Segment Start: Dataset excerpt

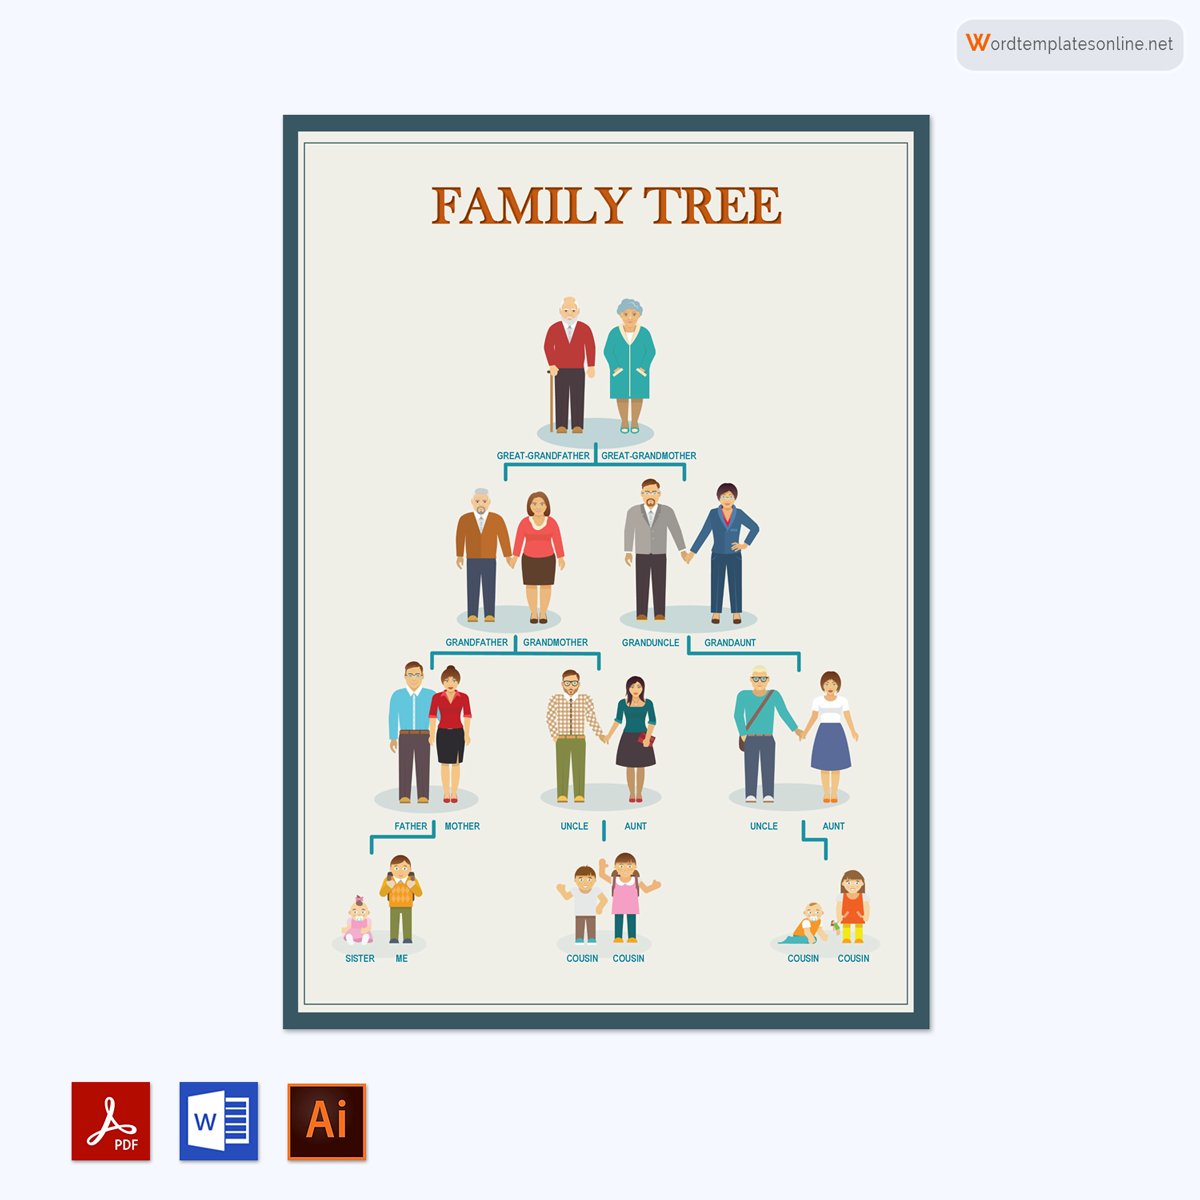 Printable family tree template - Editable and customizable
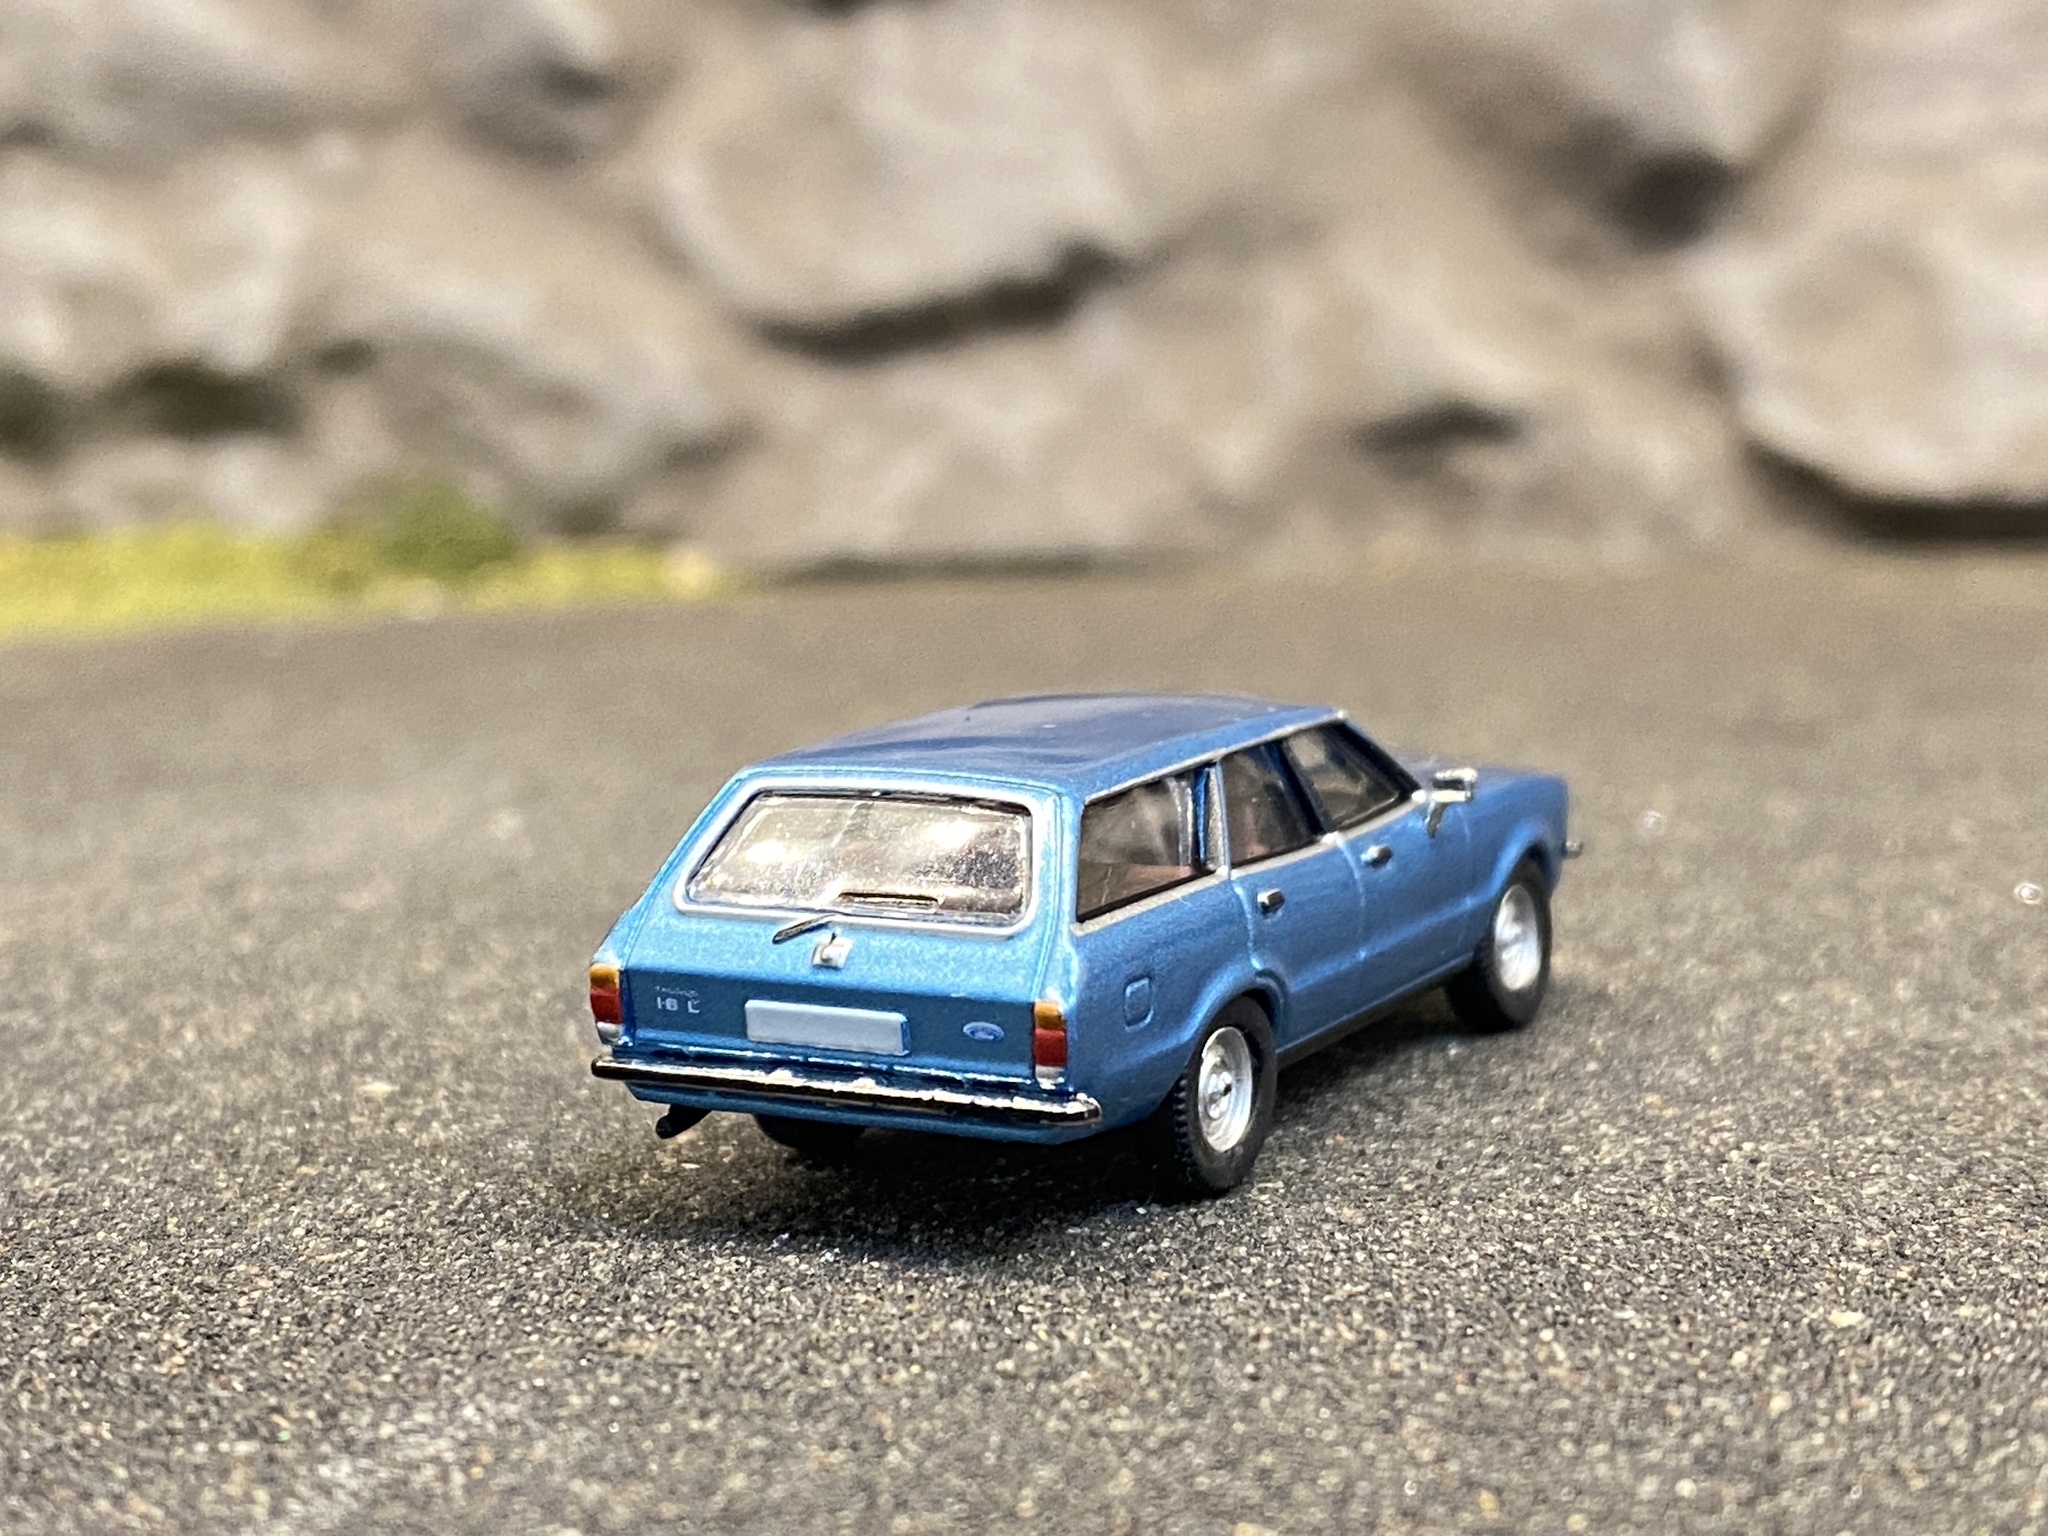 Skala 1/87 - Ford Taunus TC 2 Turnier, Blå metallic från PCX87
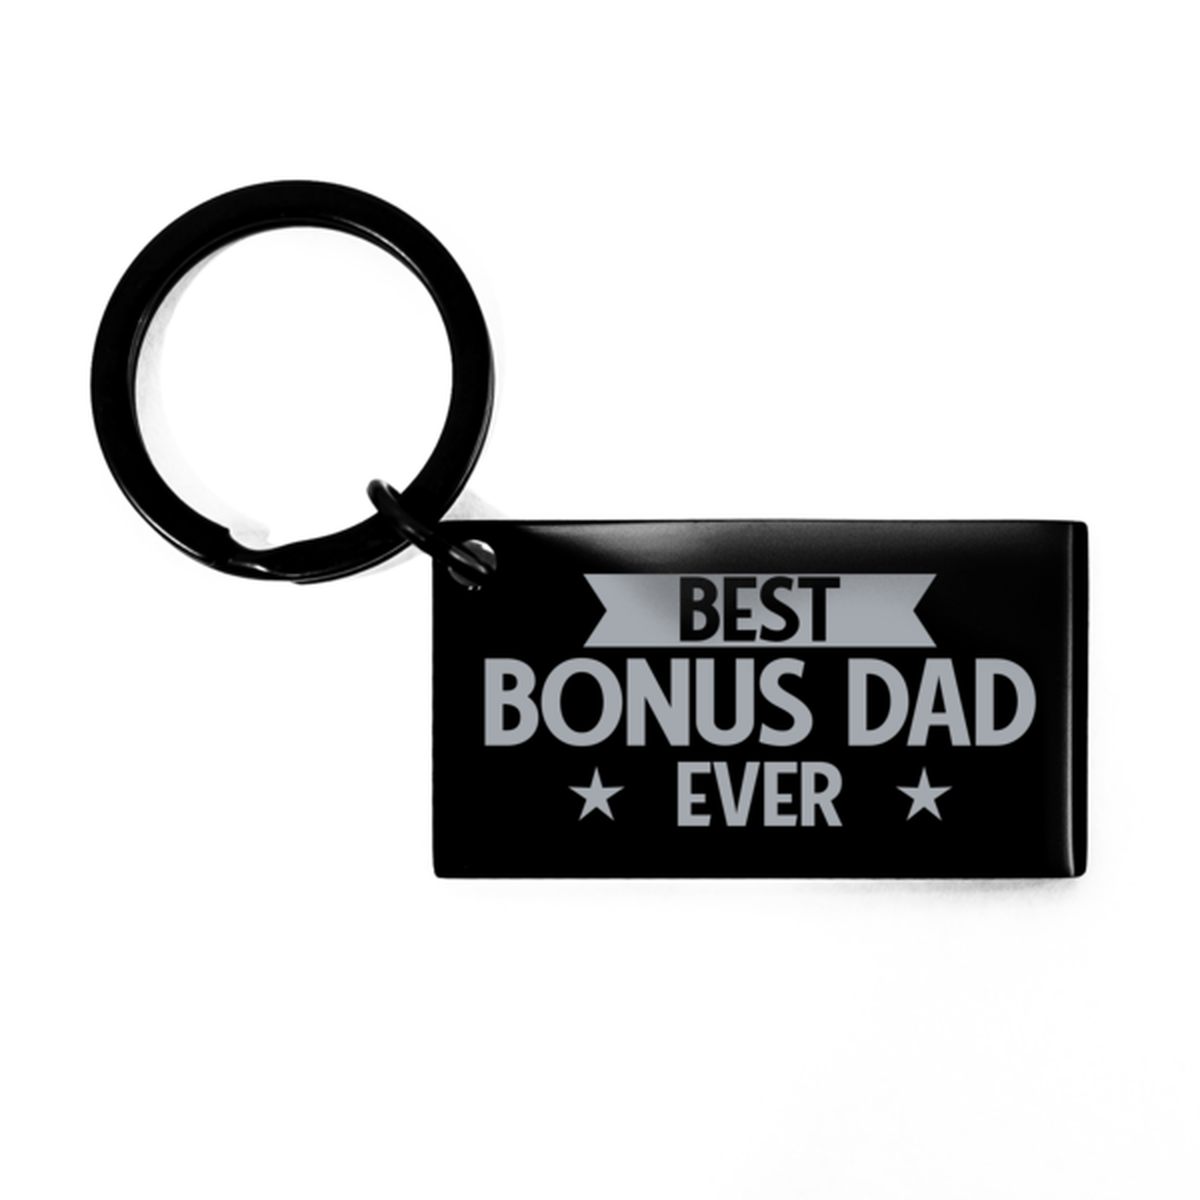 Best Bonus Dad Ever Bonus Dad Gifts, Funny Black Keychain For Bonus Dad, Birthday Engraved Keyring Presents For Men

Segment End: Dataset excerpt

→ Description of the task
All of the material above should be set down again exactly, though not its pictures.

→ Expected output
 Printable family tree template - Editable and customizable
 Skala 1/87 - Ford Taunus TC 2 Turnier, Blå metallic från PCX87
 Best Bonus Dad Ever Bonus Dad Gifts, Funny Black Keychain For Bonus Dad, Birthday Engraved Keyring Presents For Men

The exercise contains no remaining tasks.